Ce n’est pas une tâche facile que de s’abstenir. Il faut, entre autres, se farcir les homélies des partisans convaincus. De vraies litanies! Rien n’y fait. Si l’on s’abstient, on a toujours tort. On a beau leur expliquer, parler de ce cirque électoral au sein duquel on n’a pas envie de jouer le rôle de clown entarté, ils en remettent toujours à propos de l’importance de la démocratie et ce genre de machins maintes fois entendus. «Tu sauras que dans certains pays, ils se battent pour avoir ce droit!»… Je comprends, mais se battre pour avoir le droit de voter ne signifie pas qu’il faille voter pour quelqu’un.

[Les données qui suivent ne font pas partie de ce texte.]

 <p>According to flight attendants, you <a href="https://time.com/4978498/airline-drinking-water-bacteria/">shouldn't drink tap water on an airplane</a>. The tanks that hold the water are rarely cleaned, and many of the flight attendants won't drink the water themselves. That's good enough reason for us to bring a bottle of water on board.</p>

Tout de même, il y a quelques années, un peu fatigué, j’ai voté pour la toute première fois lors d’une élection générale, aux provinciales. Pour Québec solidaire. Surtout, d’abord, parce que je ne suis pas d’accord avec eux. C’est comme ça. Eh oui. Je suis loin d’être convaincu par le spin de gauche d’Amir et Françoise. Mais bon, c’était peut-être le choix le plus libéral que je pouvais faire, soit accepter de laisser un peu la parole à la marge. En choisissant de leur donner mon vote, j’appuyais une troisième voie, un discours alternatif qui allait donner un peu de swing à une Assemblée nationale qui périssait – et périt toujours – de ses vieilles joutes entre péquistes et libéraux.

C’est un peu comme l’homéopathie. Je n’y crois pas une seconde à vos granules de je-ne-sais-trop-quoi absorbé à petites doses, mais je me dis que si ça peut vous faire sourire, alors pourquoi pas. Chaque fois que ma blonde me donne ces granules, elle a l’air heureuse: «Tu vas voir, ça va te faire du bien», si bien que j’en reprends. Quand elle est heureuse, je le suis, alors tout baigne. Je ne guéris pas, mais on est bien.

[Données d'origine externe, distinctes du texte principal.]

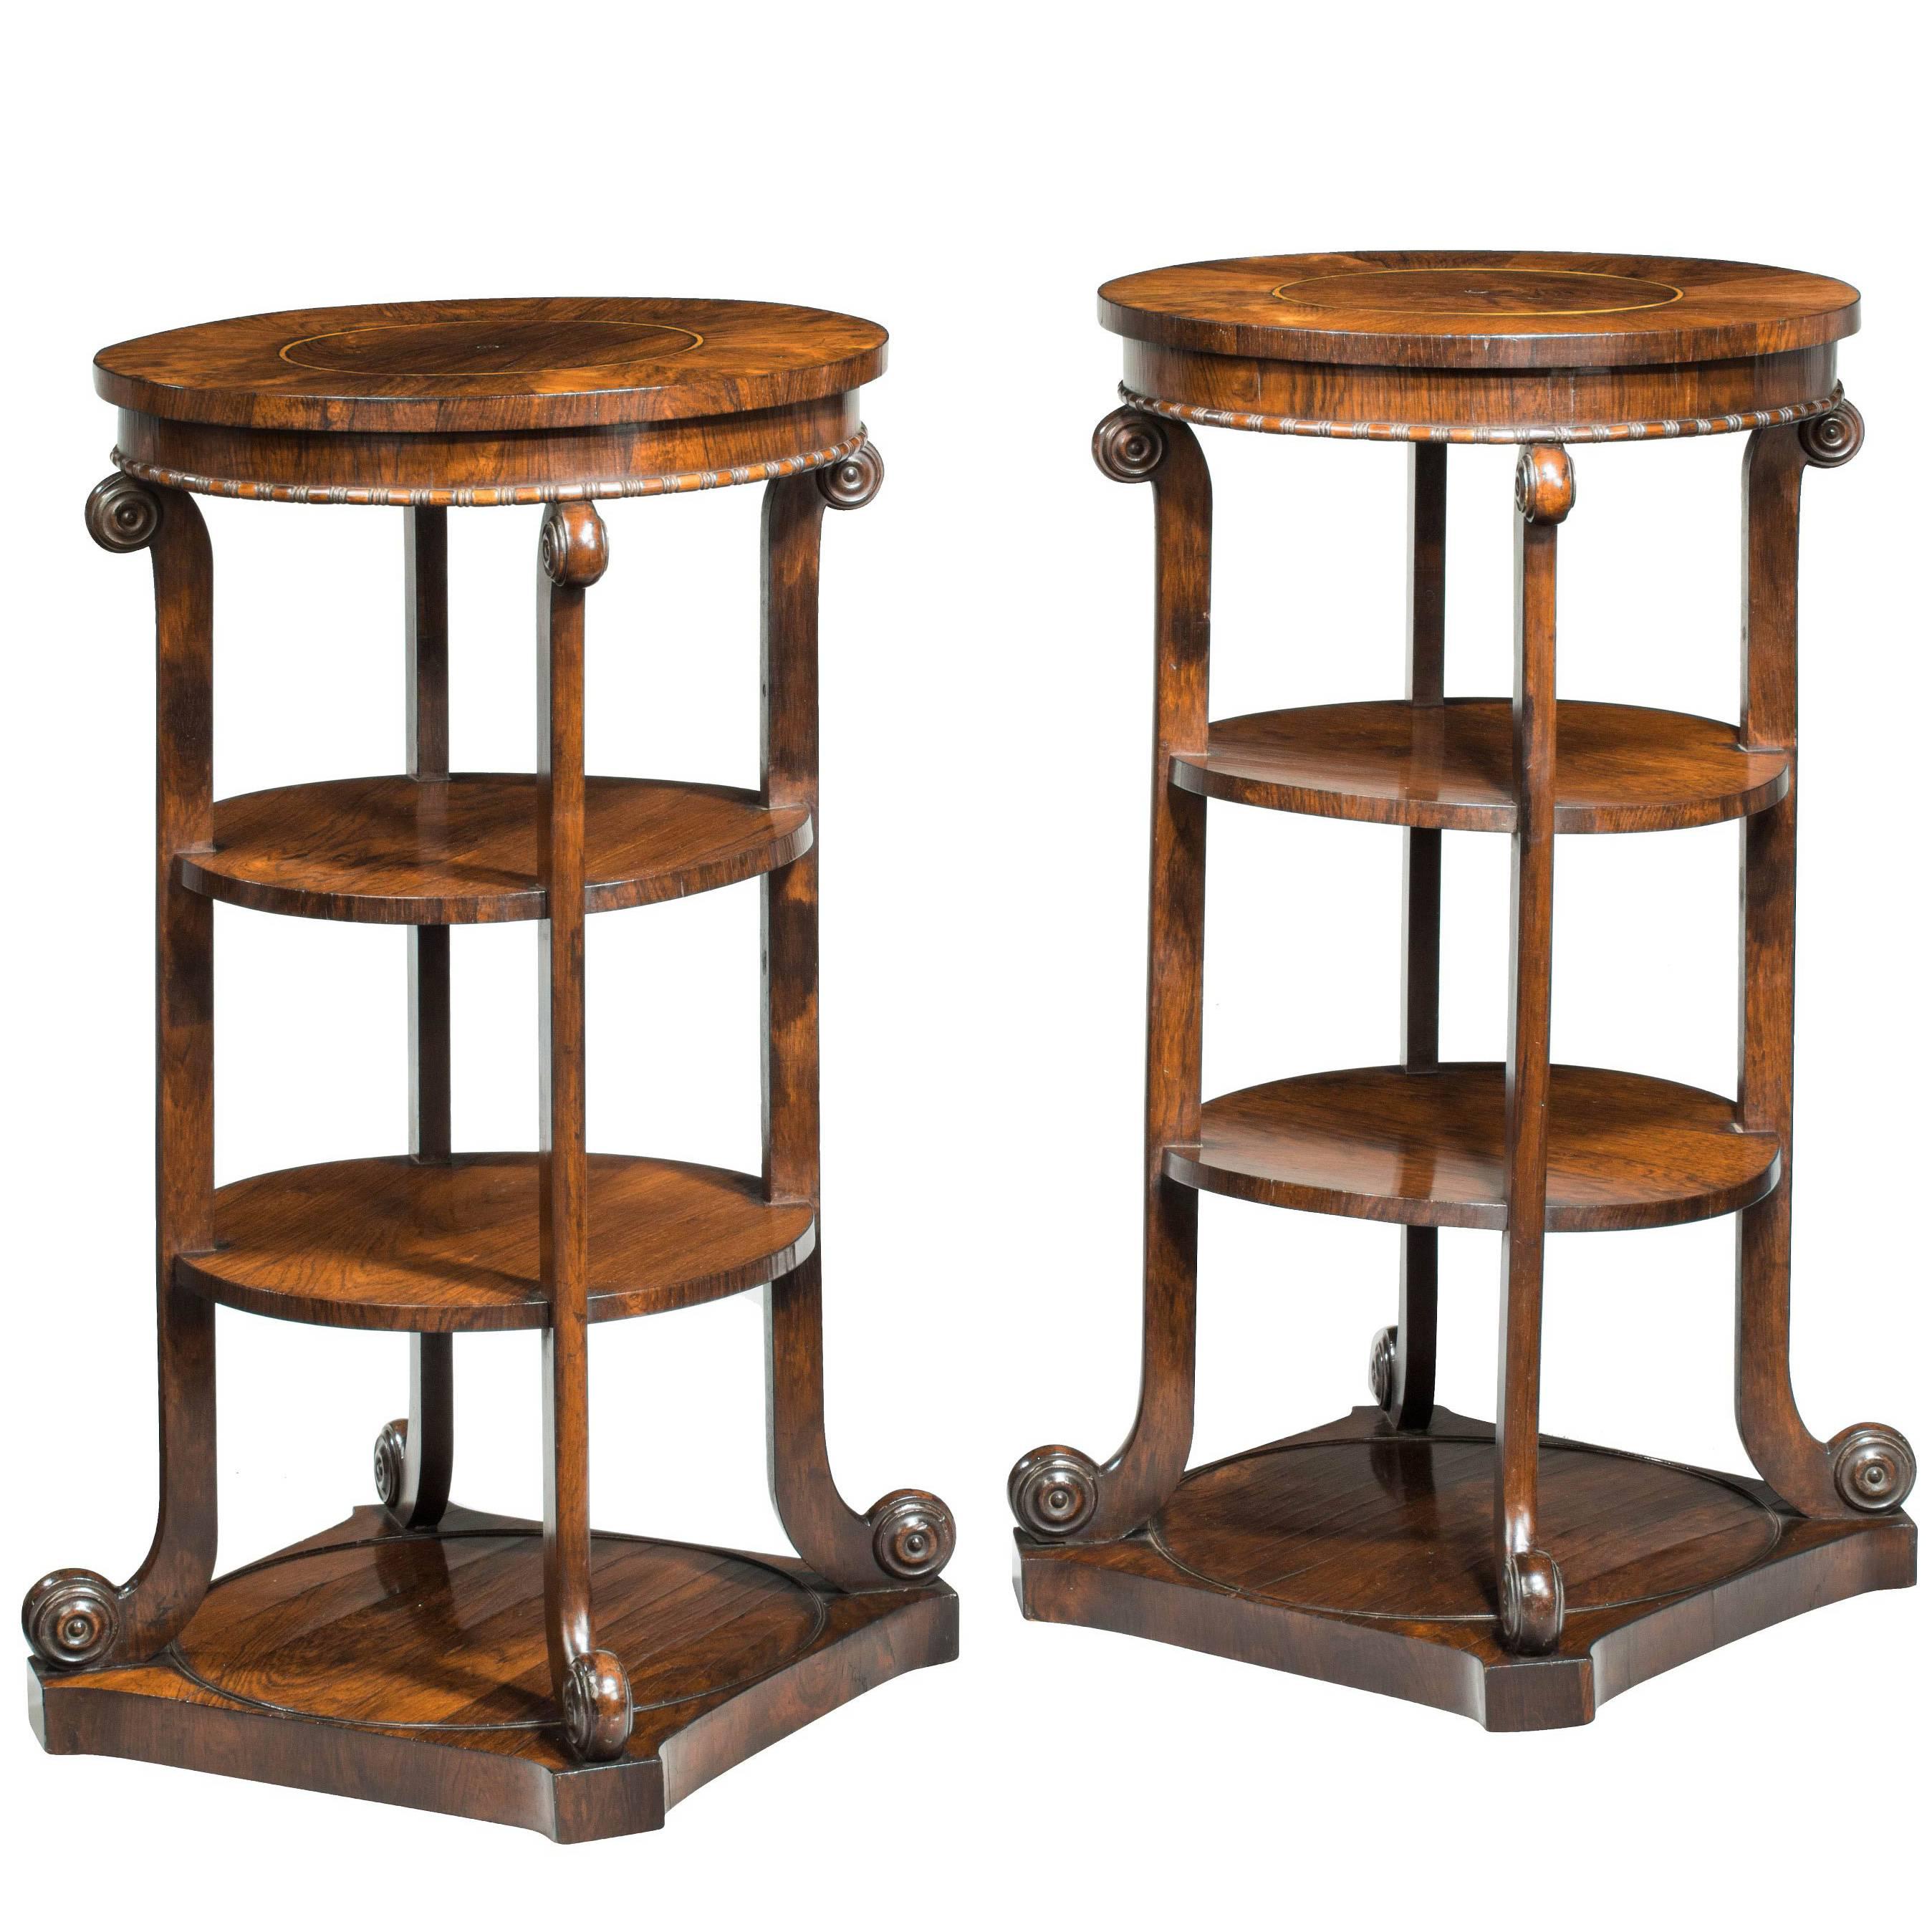 Pair of Regency Period Mahogany Etageres of Finely Figured Timbers

J’admets que j’y ai pris un peu goût. Au vote, je veux dire. J’ai donc décidé de recommencer. Lors de la dernière élection fédérale, j’ai voté à nouveau. Pour Justin Trudeau cette fois-là. Je sais, vous allez me traiter de con, mais ça m’a fait plaisir. C’était pour vous faire chier. Enfin, un peu… Je l’admets sans amertume. J’ai voté pour ce qui se trouve à l’opposé de votre sacerdoce de la québécitude exacerbée. «Quoi!?!? T’as voté pour le fils à Trudeau!?!?» Si vous aviez vu vos visages quand vous m’avez posé cette question! Ça valait bien un vote! J’en ris encore. Surtout que, somme toute, mon député à moi – car il a été élu – déboule des escaliers à la télévision, traite de piece of shit un député conservateur en pleine chambre et s’adonne même à la boxe amateur contre un adversaire politique! Pas mal mieux que le vôtre, si vous voulez mon avis. Vous, vous ne savez pas ce qu’il a fait, votre député.

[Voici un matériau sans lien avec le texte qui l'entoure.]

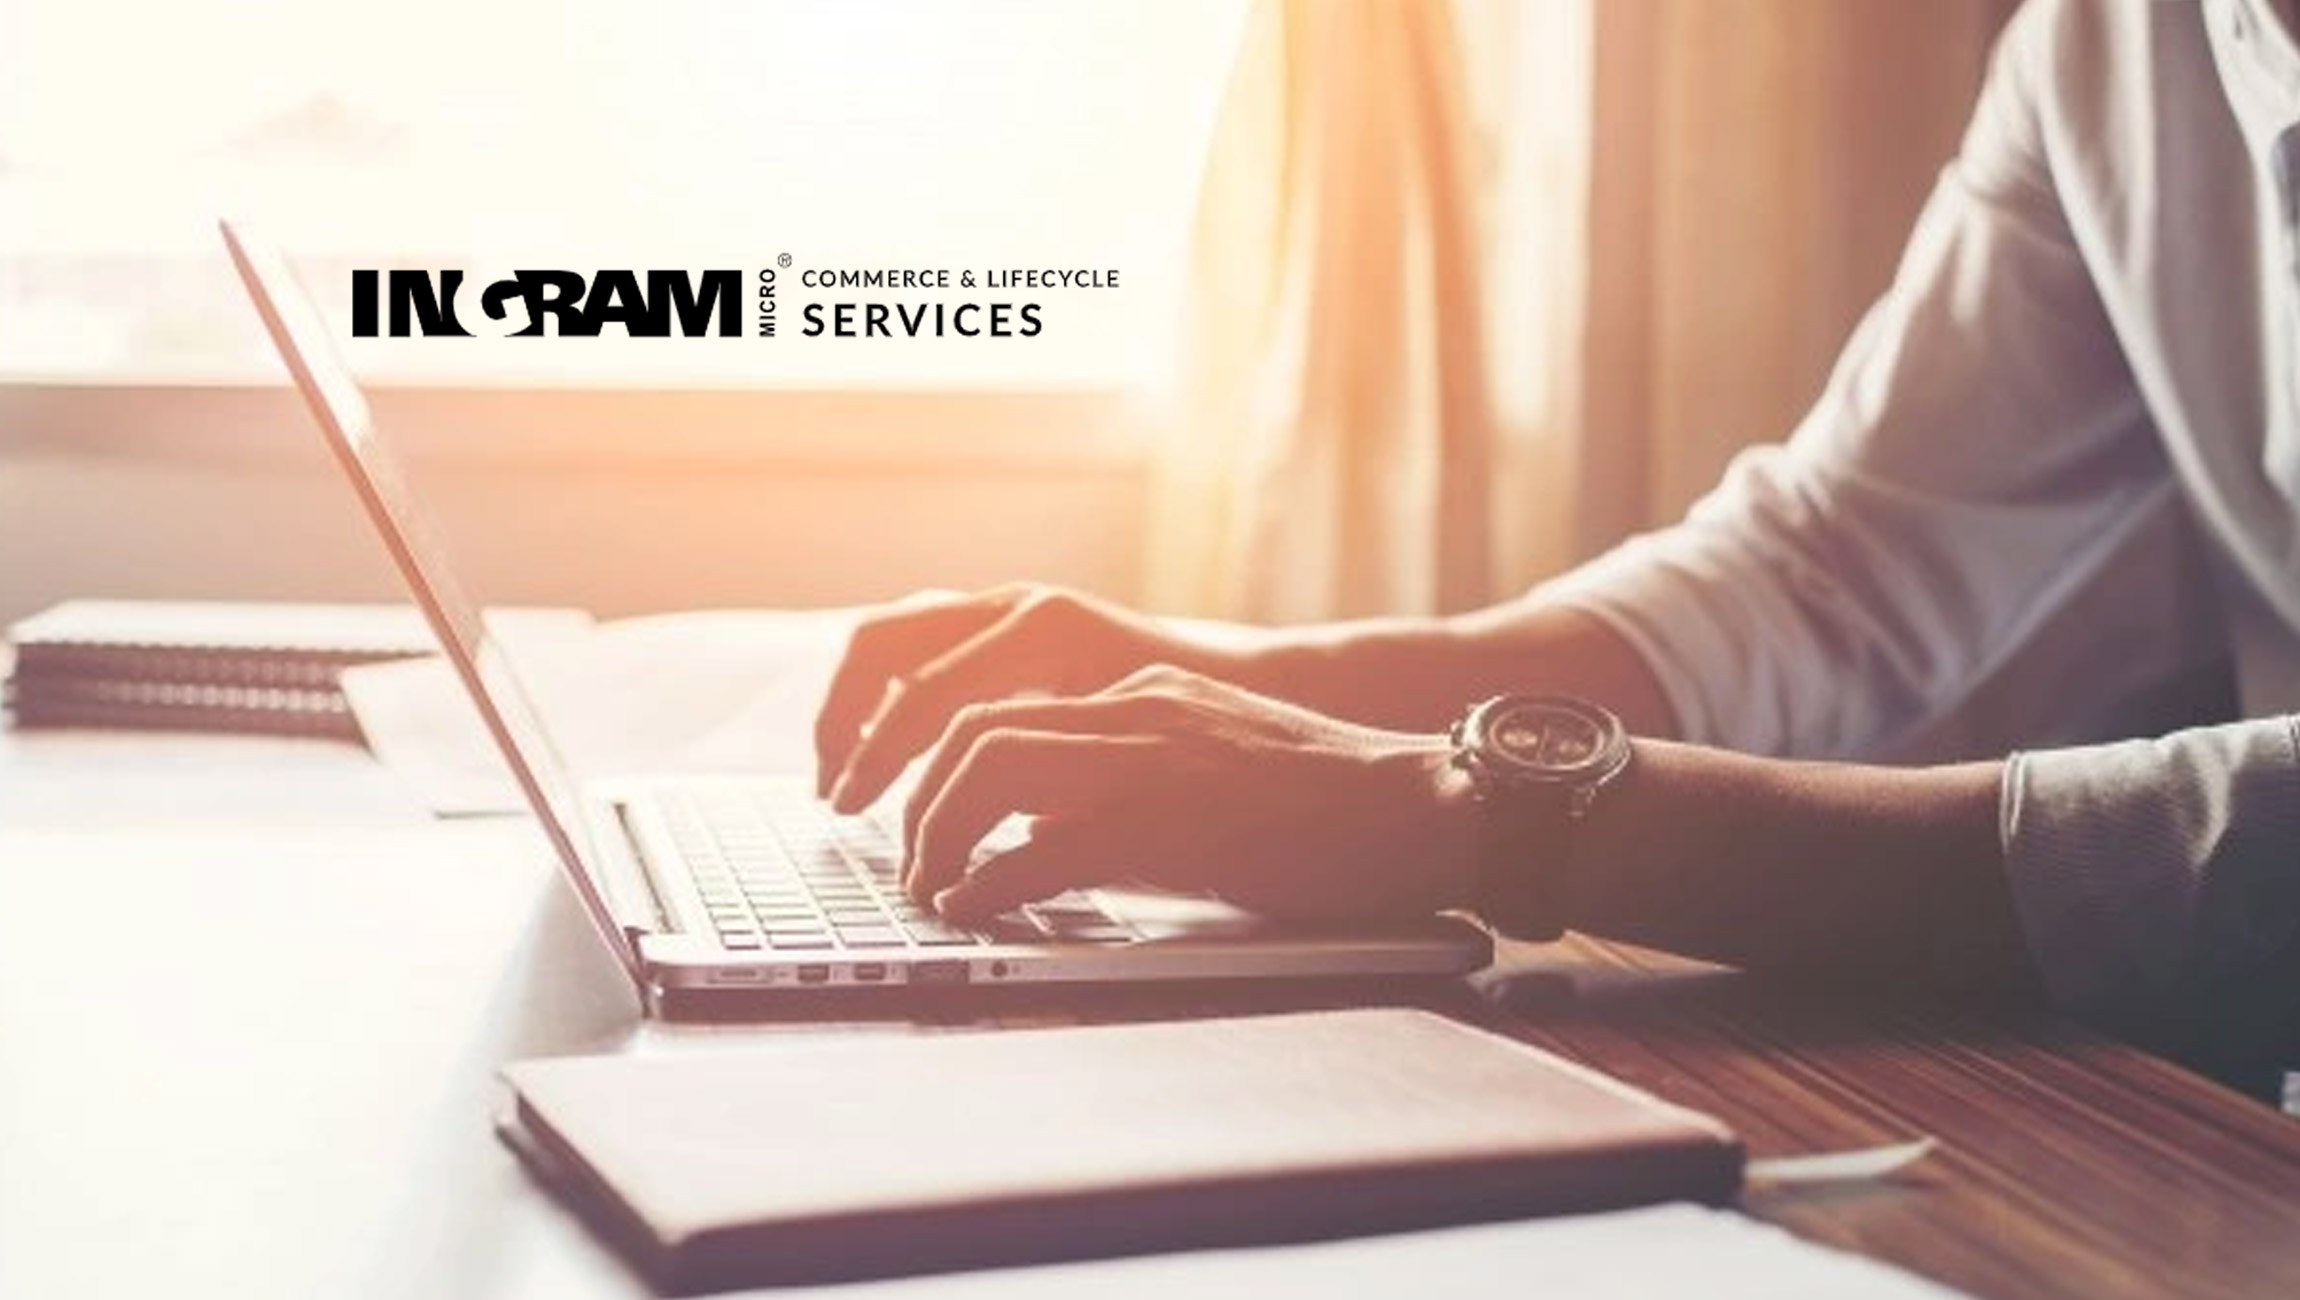 Ingram Micro Commerce & Lifecycle Services Enters New Market in Slovakia

Et pour tout dire, le calendrier de Justin qu’on distribue dans mon quartier en début d’année, je ne saurais m’en passer.

Si vous saviez comme je rigole depuis que je vote. J’y prends un réel plaisir. Je crois que je vais recommencer cette fois-ci.

Et encore une fois, je voterai pour Québec solidaire, toujours pour la même raison. Non, je ne suis pas d’accord, mais encourager la diversité des voix est sans doute la meilleure chose que je puisse faire.

Je commence à bien vous connaître. Vous êtes prévisibles comme l’heure de pointe. Vous allez m’accuser de diviser le vote et de favoriser la réélection de Jean Charest. Vous me faites assez rire avec cet argument. Lorsque vous me le servez, vous êtes encore plus cyniques que je pouvais l’être lorsque j’annulais mon vote à toutes les élections. Vous me demandez en quelque sorte de voter aveuglément pour une option à laquelle je n’adhère d’aucune manière au lieu de faire ce que je crois, en mon âme et conscience, être le mieux possible…

…Et vous appelez ça la démocratie. Pincez-moi!

Allez, ne rechignez pas. Vous avez convaincu un abstentionniste de voter. Maintenant, continuez votre bon travail… Il vous reste près de la moitié de la population à convaincre. Je vous souhaite bonne chance.